It was pure Chanel, crystallized to a point of perfection only witnessed in haute couture. From the precise, short, molded-waist dresses to the miniscule jackets to the frosted-sugar evening looks, every piece was modern, but also spun entirely from the house's heritage. The cumulative effect was so young and pretty that, by the end, some audience members were literally tearing up at the sight of Lily Cole in a white trapeze dress that melted into an airy train floating and shimmering several feet behind her.

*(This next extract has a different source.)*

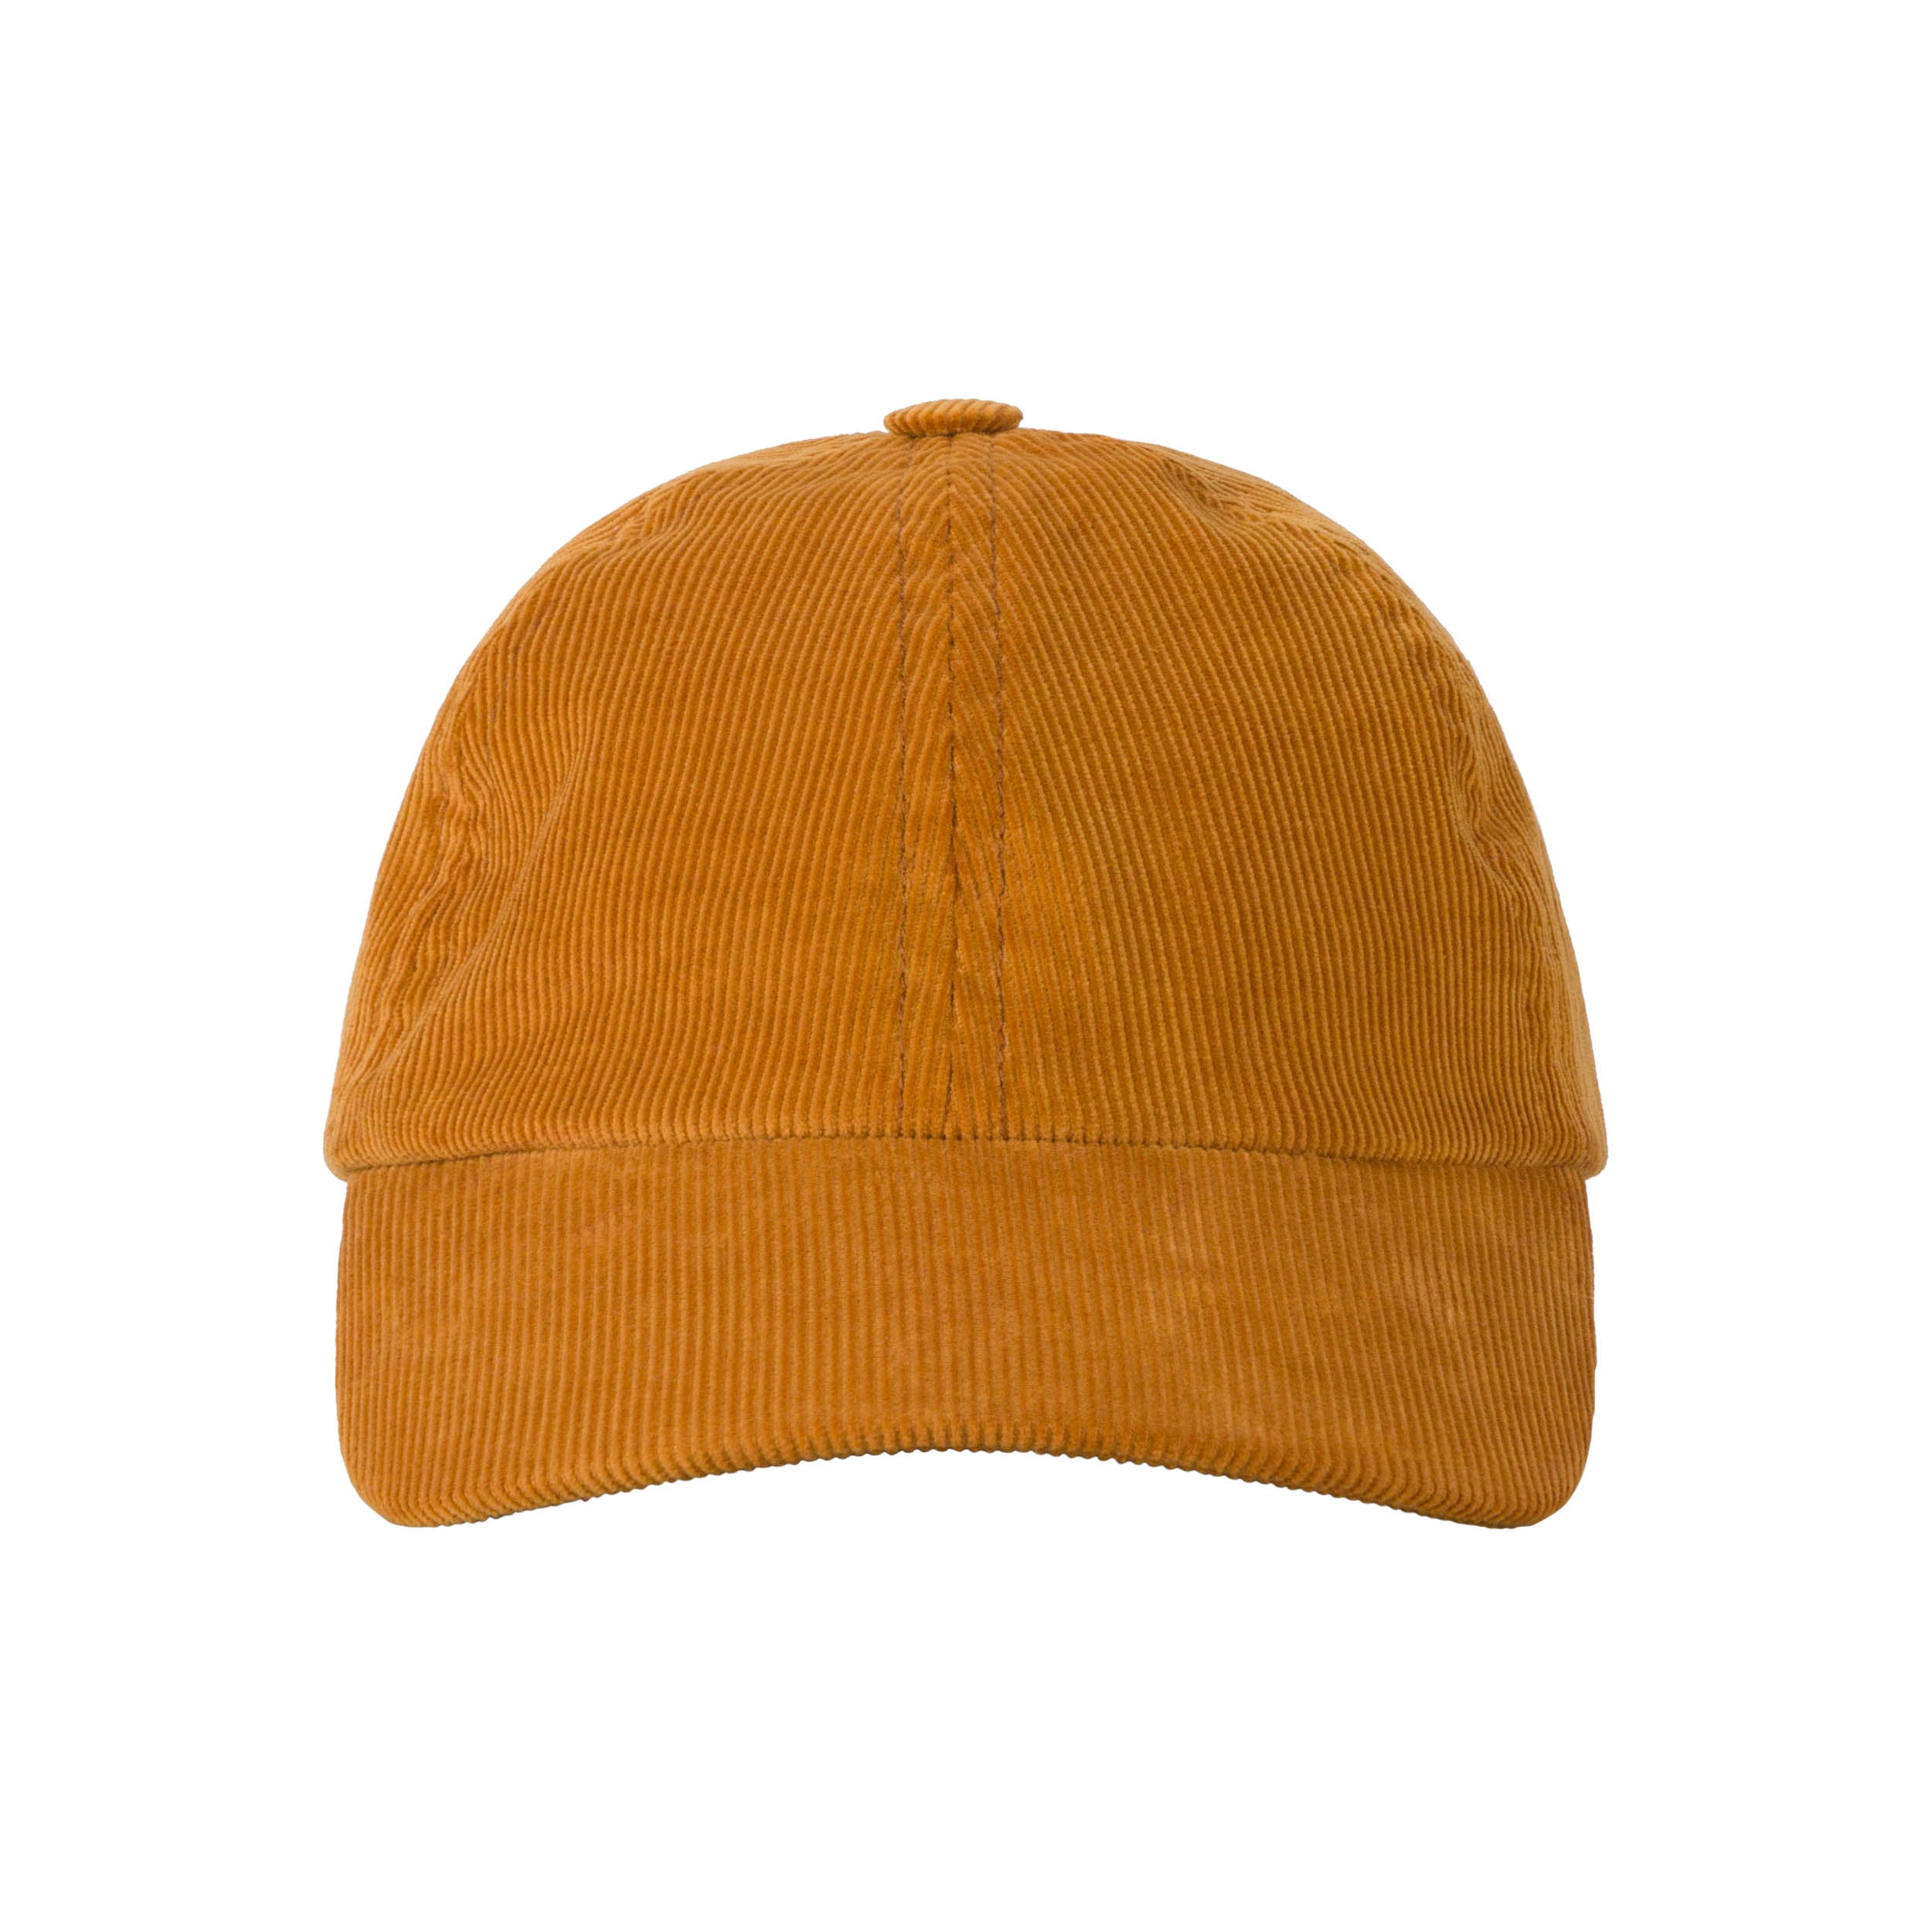 Carrier Company Corduroy Baseball Cap in Gold
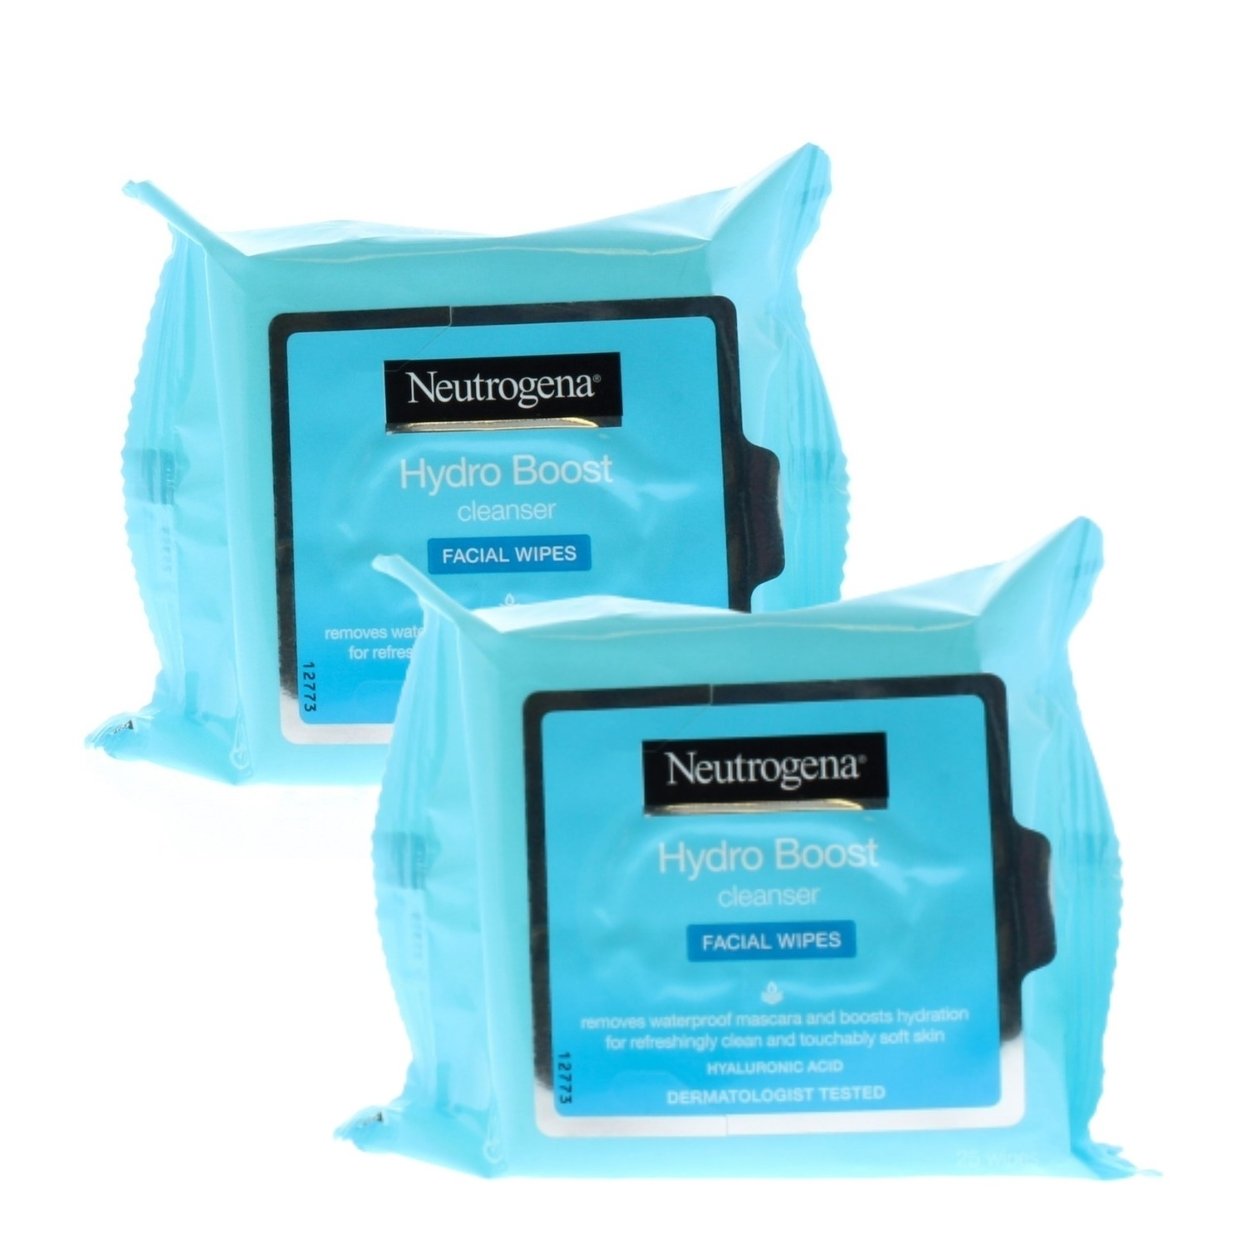 Neutrogena Hydro Boost Cleanser Facial Wipes (2 Packs Of 25 Wipes- Total 50 Wipes)

Karl Lagerfeld began this mostly black-and-white collection with a new treatment of the Chanel suit. Tiny boleros—some flaring out to a chic angle at the back—and belled skirts drew attention to narrow waists (the fashion zone of the moment). These were paired with flat white go-go boots, which were not referenced from the sixties, but from a pair Coco (always ahead of her time) was wearing in a photograph from the decade before.
That allusion and others demonstrate just how deftly Lagerfeld—Chanel historian par excellence—marshals his knowledge. He sprinkles the camellias, the satin bows, the organdy collars, and the bound edges so lightly that they become playful thrills—not belabored underscorings of theme or "brand identity." His tulle petticoated dance dresses and slithery satin sheaths all tie back to lesser-known things Chanel did in the twenties and thirties—but we're not really meant to care. What matters is how Lagerfeld reinvents the house signatures to pique the fantasies of today's young woman—and that he does just beautifully.